Value (V): The actual information to retrieve — "Here's what I contribute"

The model computes the similarity between the current query and all keys, uses those similarities as weights, and returns a weighted sum of values.

import torch
import torch.nn.functional as F

def scaled_dot_product_attention(Q, K, V, mask=None):
    """
    Compute scaled dot-product attention.
    
    Q: (batch, heads, seq_len, d_k) — queries
    K: (batch, heads, seq_len, d_k) — keys  
    V: (batch, heads, seq_len, d_v) — values
    Returns: (batch, heads, seq_len, d_v) — context vectors
    """
    d_k = Q.size(-1)
    
    # Compute similarity scores: (batch, heads, seq_len, seq_len)
    scores = torch.matmul(Q, K.transpose(-2, -1)) / (d_k ** 0.5)
    
    # Apply causal mask (decoder only sees past tokens)
    if mask is not None:
        scores = scores.masked_fill(mask == 0, float('-inf'))
    
    # Convert to probabilities
    attention_weights = F.softmax(scores, dim=-1)
    
    # Weighted sum of values
    output = torch.matmul(attention_weights, V)
    return output, attention_weights

Causal Masking in Decoder Models

GPT-style models (decoder-only) can only attend to past tokens, not future ones.

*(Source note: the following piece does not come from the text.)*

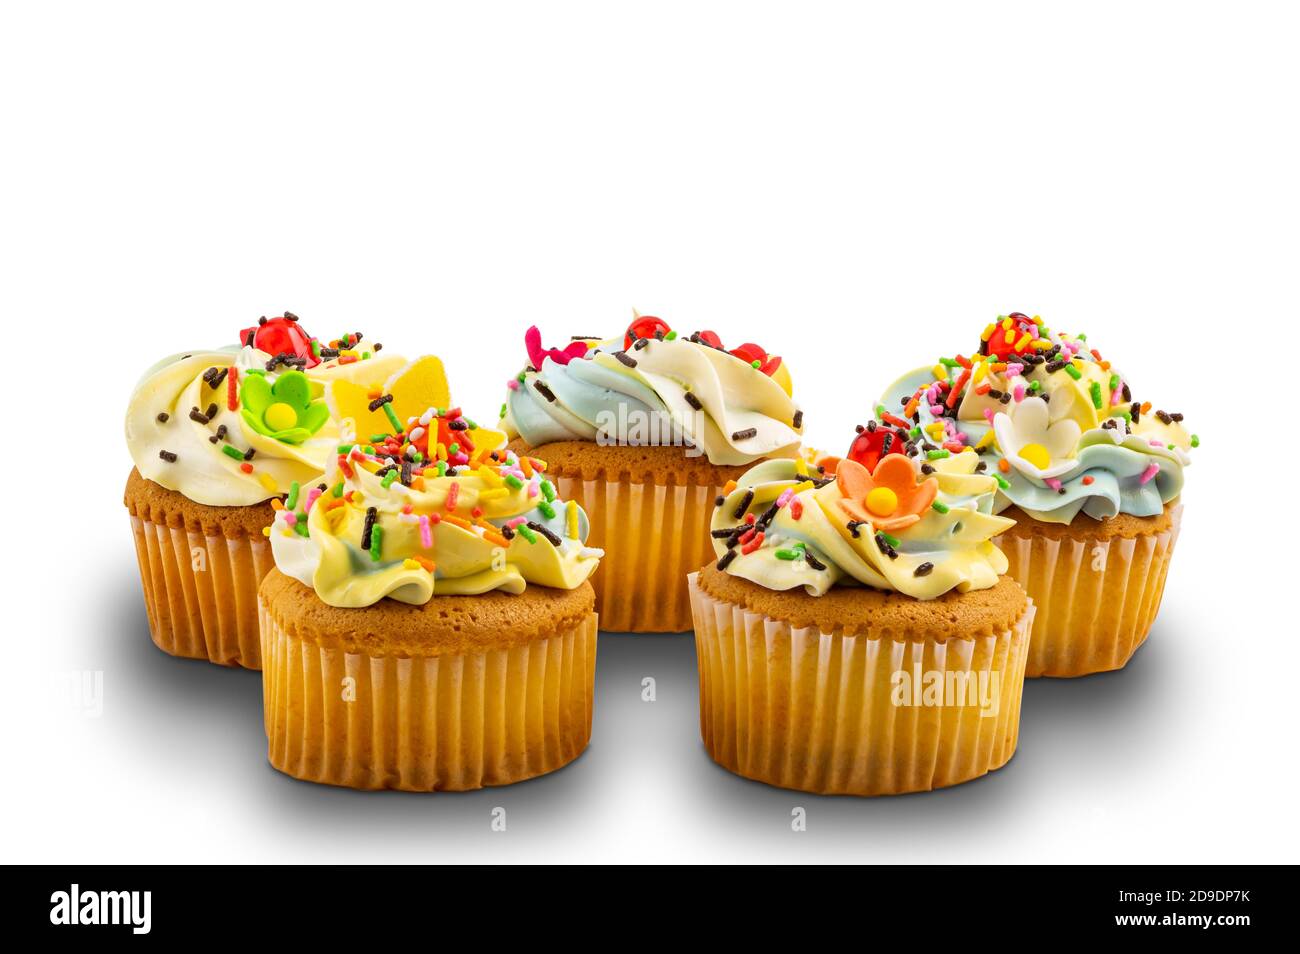 Gruppo di cupcake alla vaniglia con gelato alla crema di burro alla vaniglia decorato con arcobaleno multicolore spruzzato su sfondo bianco con percorso di ritaglio. Foto Stock

This is enforced via a causal mask — a triangular matrix that sets future positions to negative infinity before the softmax, driving their attention weights to zero.

Attention mask for a 4-token sequence:
Token 1 can attend to: [1, -, -, -]
Token 2 can attend to: [1, 2, -, -]
Token 3 can attend to: [1, 2, 3, -]
Token 4 can attend to: [1, 2, 3, 4]

This is what makes autoregressive generation work: each generated token can only "see" what came before it.

Multi-Head Attention

Instead of computing attention once, transformers compute it in parallel across multiple heads — each with its own learned Q, K, V projection matrices:

class MultiHeadAttention(torch.nn.Module):
    def __init__(self, d_model: int, num_heads: int):
        super().__init__()
        assert d_model % num_heads == 0
        self.d_k = d_model // num_heads
        self.num_heads = num_heads
        
        # One projection per role, shared across heads
        self.W_q = torch.nn.Linear(d_model, d_model)
        self.W_k = torch.nn.Linear(d_model, d_model)
        self.W_v = torch.nn.Linear(d_model, d_model)
        self.W_o = torch.nn.Linear(d_model, d_model)

    def forward(self, x):
        batch_size, seq_len, d_model = x.shape
        
        # Project and reshape for multi-head computation
        Q = self.W_q(x).view(batch_size, seq_len, self.num_heads, self.d_k).transpose(1, 2)
        K = self.W_k(x).view(batch_size, seq_len, self.num_heads, self.d_k).transpose(1, 2)
        V = self.W_v(x).view(batch_size, seq_len, self.num_heads, self.d_k).transpose(1, 2)
        
        # Attend in parallel across all heads
        output, _ = scaled_dot_product_attention(Q, K, V)
        
        # Concatenate heads and project back
        output = output.transpose(1, 2).contiguous().view(batch_size, seq_len, d_model)
        return self.W_o(output)

What Different Heads Learn

Research into attention head specialization has found that different heads tend to capture different linguistic phenomena:

Syntactic heads: Track grammatical dependencies (subject-verb, adjective-noun)
Semantic heads: Capture meaning relationships (synonyms, antonyms)
Positional heads: Attend to nearby tokens (local context)
Rare token heads: Focus on infrequent but semantically significant tokens

This specialization emerges naturally during training — it's not explicitly programmed.

Practical Implications

Context window efficiency: Attention complexity is O(n²) in sequence length. Doubling the context window quadruples the attention computation. This is why extending context windows is expensive and why techniques like sliding window attention (Mistral) and sparse attention (Longformer) exist.

Prompt position matters: Tokens near the beginning and end of the context tend to receive more attention than middle tokens — a phenomenon called the "lost in the middle" effect. For long-context RAG, place the most important content at the edges.

Attention visualization: Tools like BertViz let you visualize which tokens attend to which, which can help debug unexpected model behavior on specific inputs.